2026-01-31 06:33:43 +00:00
parent bc76a032ba
commit c360da4f35
4 changed files with 382 additions and 7 deletions
--- a/.cursorrules
+++ b/.cursorrules
@@ -1,4 +1,4 @@
-Hermes-Agent is an agent harness for LLMs.
+Hermes-Agent is an agent harness for LLMs with an interactive CLI.
 ## Development Environment
@@ -9,12 +9,15 @@ source venv/bin/activate  # Before running any Python commands
 ## Project Structure
 - `hermes` - CLI launcher script (run with `./hermes`)
 - `cli.py` - Interactive CLI with Rich UI, prompt_toolkit, animated spinners
 - `cli-config.yaml` - CLI configuration (model, terminal, toolsets, personalities)
 - `tools/` - Individual tool implementations (web, terminal, browser, vision, etc.)
 - `tools/__init__.py` - Exports all tools for importing
 - `model_tools.py` - Consolidates tool schemas and handlers for the agent
 - `toolsets.py` - Groups tools into logical toolsets (web, terminal, browser, etc.)
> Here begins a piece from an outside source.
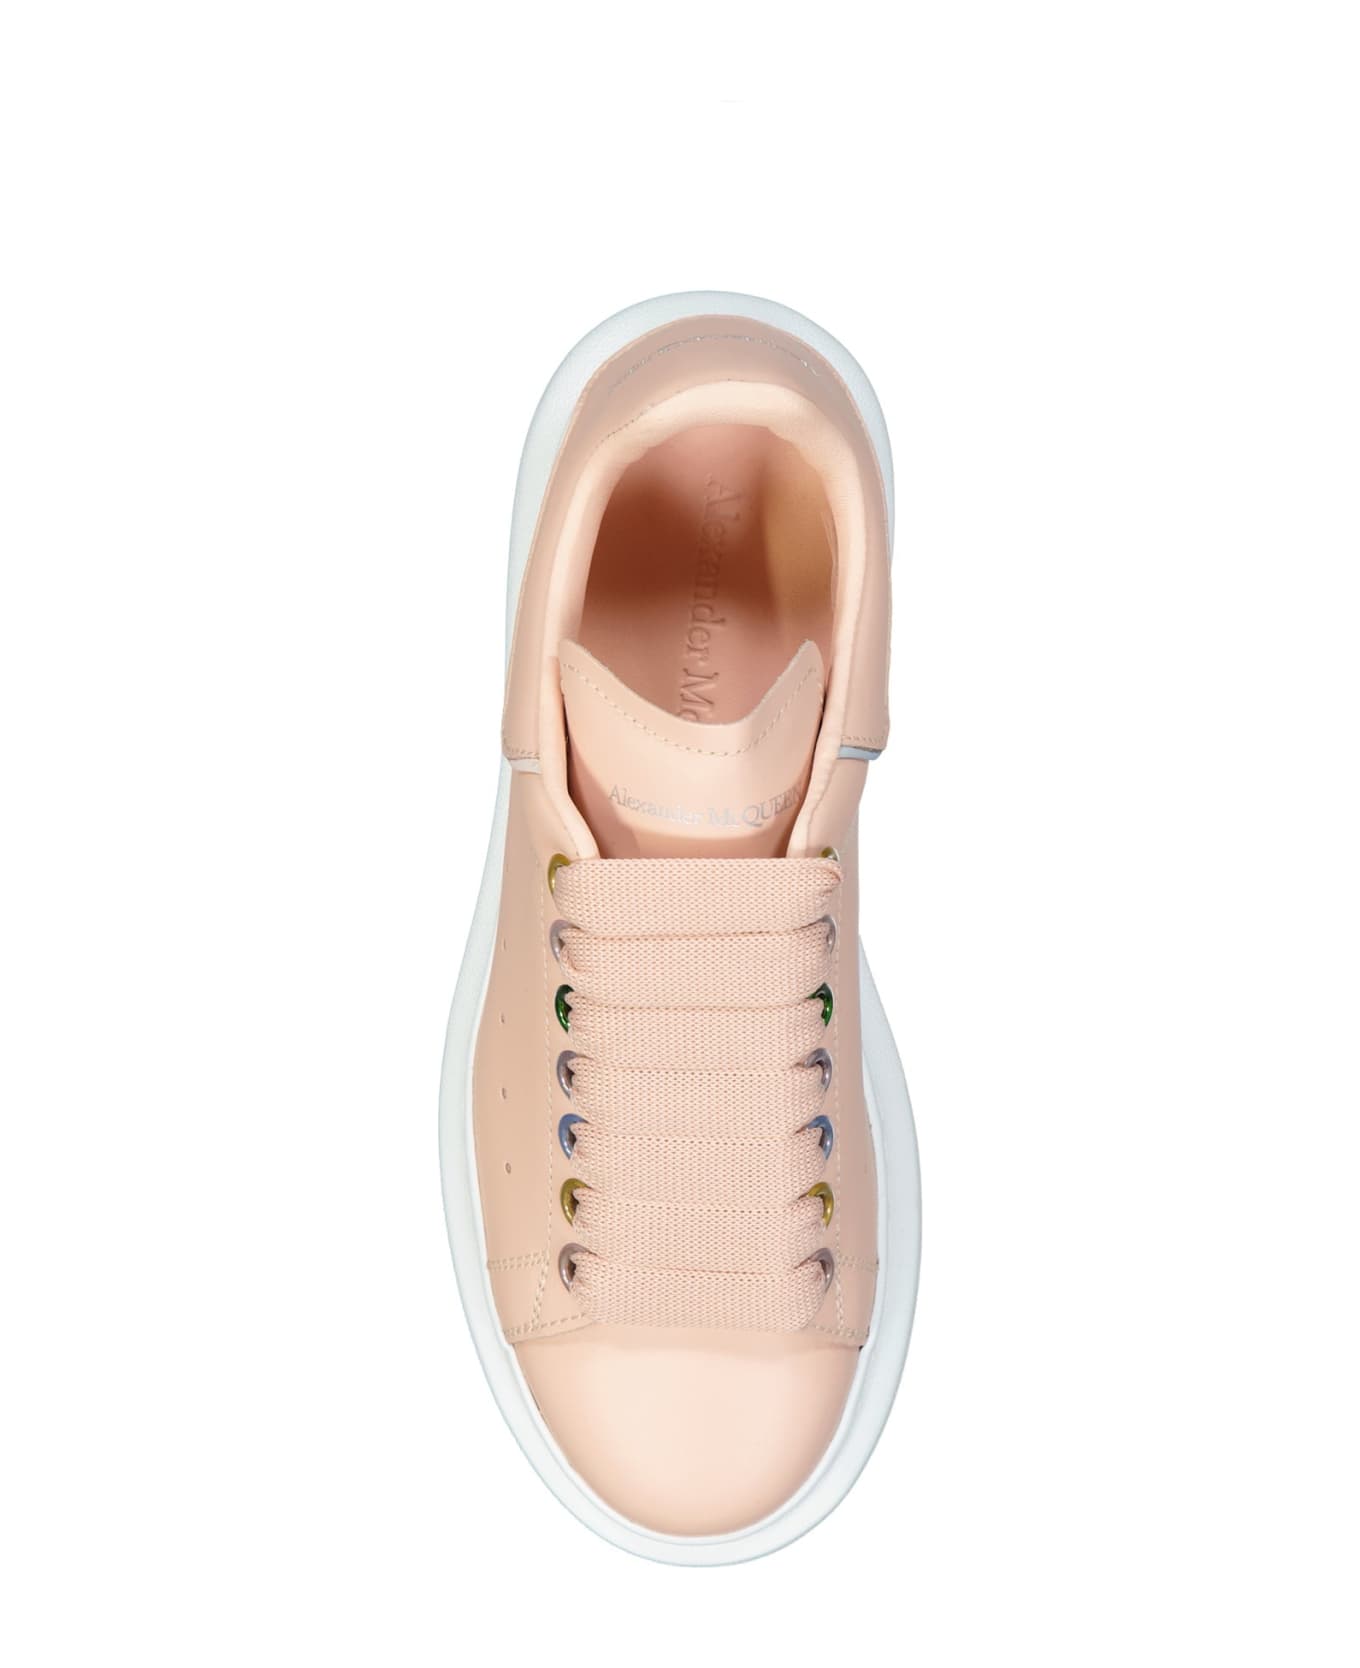 Alexander McQueen Oversized Sneakers - Pink

 - `toolset_distributions.py` - Probability-based tool selection for data generation
- `run_agent.py` - Primary agent runner with AIAgent class
+- `run_agent.py` - Primary agent runner with AIAgent class and KawaiiSpinner
 - `batch_runner.py` - Parallel batch processing with checkpointing
 - `tests/` - Test scripts
@@ -24,11 +27,33 @@ source venv/bin/activate  # Before running any Python commands
 tools/*.py → tools/__init__.py → model_tools.py → toolsets.py → toolset_distributions.py
                                       ↑
 run_agent.py ──────────────────────────┘
 cli.py → run_agent.py (uses AIAgent with quiet_mode=True)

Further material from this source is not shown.